Addition Financial Arena (formerly known as CFE Arena and UCF Arena) is a sports and entertainment arena located in Orlando, Florida, United States, on the main campus of the University of Central Florida. It was constructed beginning in 2006 as a replacement for the original UCF arena, and as a part of Knights Plaza. The arena is home to the UCF Knights men's and women's basketball teams. The arena also hosted the annual Science Olympiad in 2012 and 2014.

The arena is  and boasts a capacity of over 9,400 for basketball, and has 17 luxury suites. As of January 2022, the attendance record for the arena is 10,011, the arena's first and only ever sellout crowd, for a March 22, 2017 NIT Quarterfinals matchup with the Illinois Fighting Illini. The theater can be configured for concerts, family events, musical theatre, commencements, and other stage shows and sporting events. Local high schools often host graduations at the arena. One of UCF's biggest event, Knight-Thon, is also held at the arena. The fundraiser is a dance marathon which raises money for Children's Miracle Network. The Addition Financial Arena is owned by the university, and is managed by Oak View Group.

Original arena

The arena was originally built in 1991 with a capacity of 5,100 and was home to men's basketball, women's basketball, and volleyball, and was also used for events such as concerts and commencements. It has hosted the Atlantic Sun Conference men's basketball tournament three times, in 1994, 1995, and 2002. The last basketball game played in the original facility was on March 3, 2007, when the UCF men's team beat the East Carolina Pirates, 77–64, in Conference USA play.

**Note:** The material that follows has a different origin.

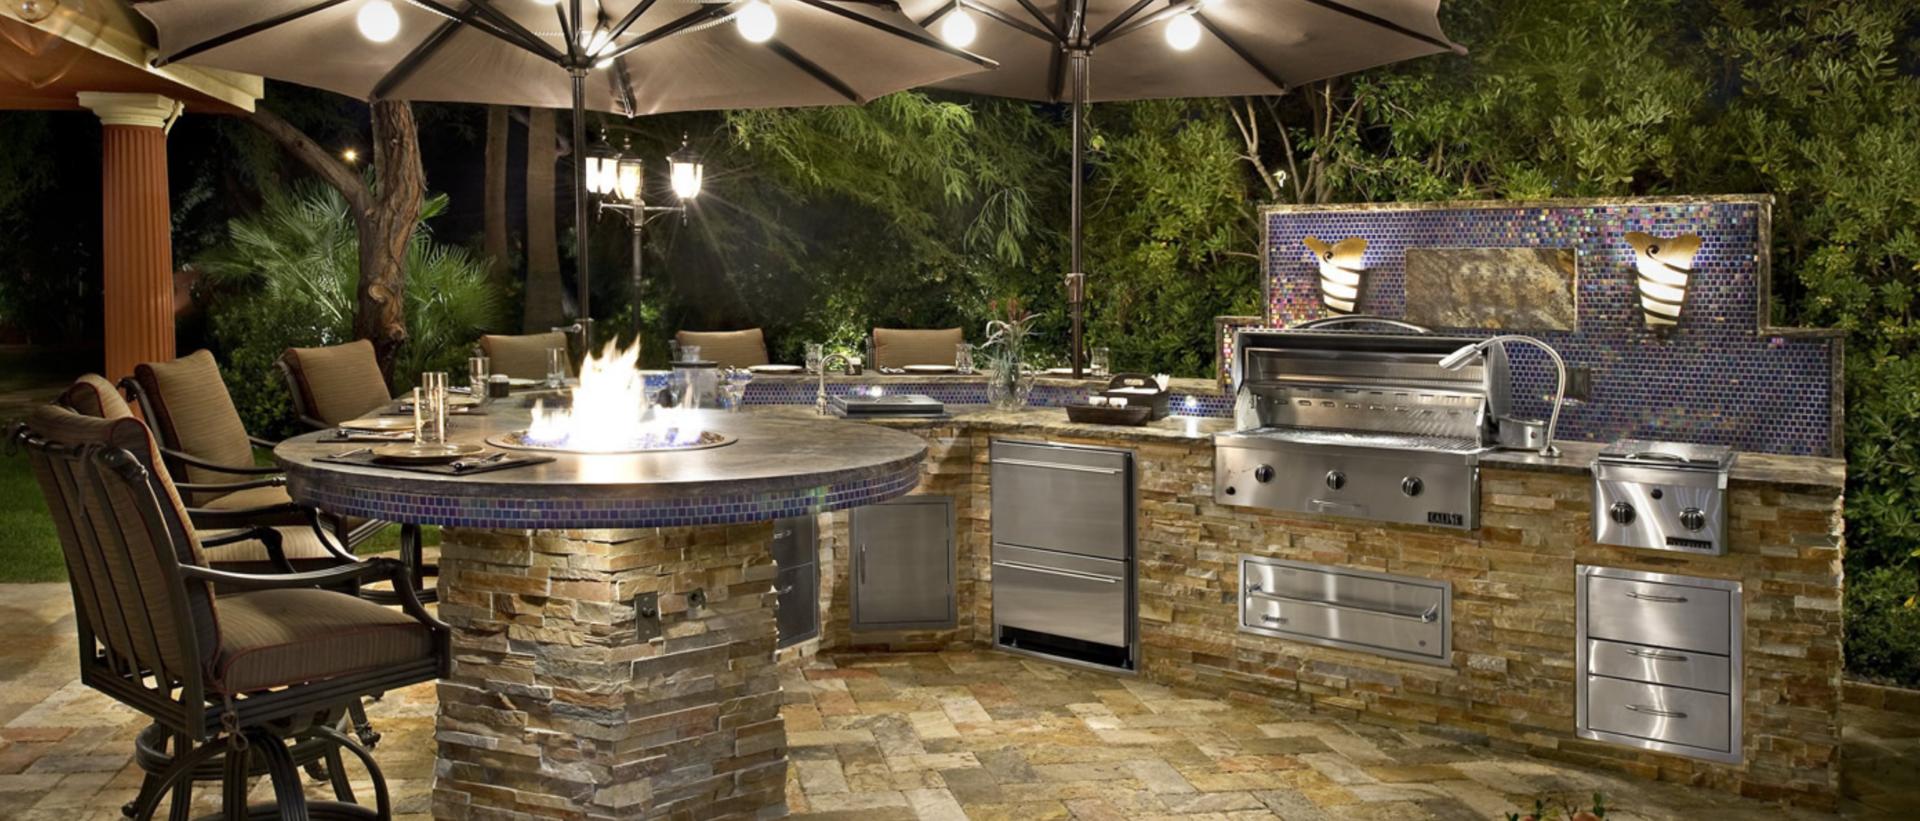 Sarasota Outdoor Kitchens Gallery Round Columns And Blue Tiles Outdoor Kitchen Design Backyard Kitchen Modern Outdoor Kitchen
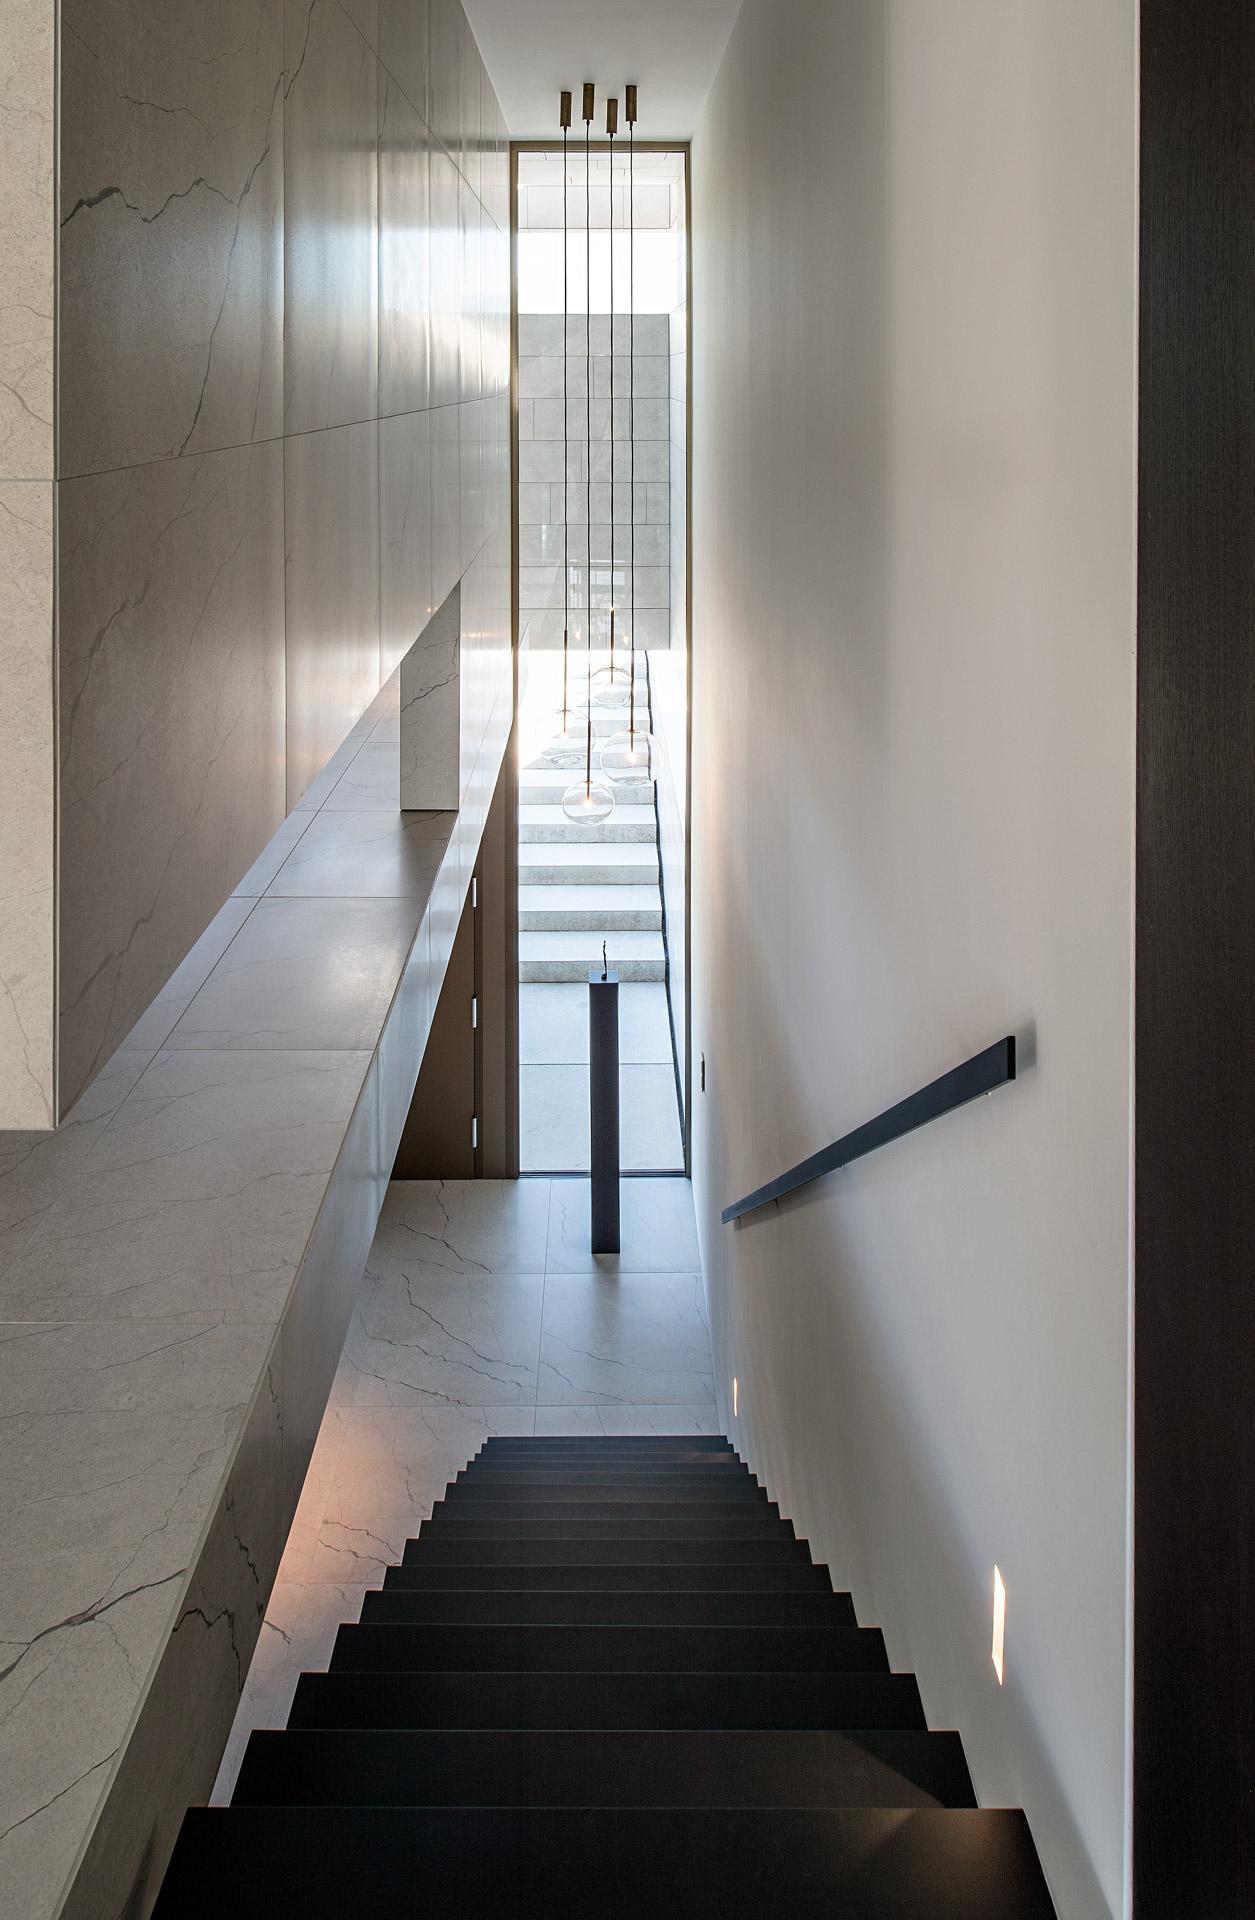 Objekt Bünck: Treppenaufgang. Foto: Dr. Klaus Schörner

While basketball moved into the new arena, the men's and women's volleyball teams continue to play their regular-season games at the Venue.

History

A new arena was built 2007, as part of a larger project to create an athletic village known as Knights Plaza. The new arena, built in the space in front of the original arena, is double the seating capacity of its predecessor, including 7,479 fixed standard seats, 500 club seats, 1,328 retractable seats, 188 disabled seats, 16 luxury suites (seating capacity 192, total capacity 256), two party suites (total capacity 60) and loge box seating for 64. According to the promoters' guide, the new arena has a basketball capacity of 9,465, and can hold up to 10,072 for concert events. The student section has been dubbed the "Knightmare."

The new arena was completed in September 2007 and is the home to both the men's and women's basketball teams. This expansion made the Addition Financial Arena the second largest arena complex in Orlando. Beginning in 2008, the grounds around arena hosted "Light Up UCF", a holiday celebration that features an outdoor ice skating rink.  For the event, the arena is decorated with thousands of lights that are synchronized to holiday music.

In October 2008, the Addition Financial Arena was home to one of the largest Presidential Debate Watch Parties ever. On the front lawn of the arena the Presidential Debate was projected onto a large inflatable movie screen while a Lupe Fiasco concert was taking place inside the arena. The Presidential Debate, which was the final debate of the election, was then replayed for the thousands of attendees as they were leaving the concert. Lupe Fiasco actually acknowledged that the debate would be shown after the show and encouraged the attendees to stay and watch it because of the significance of the election.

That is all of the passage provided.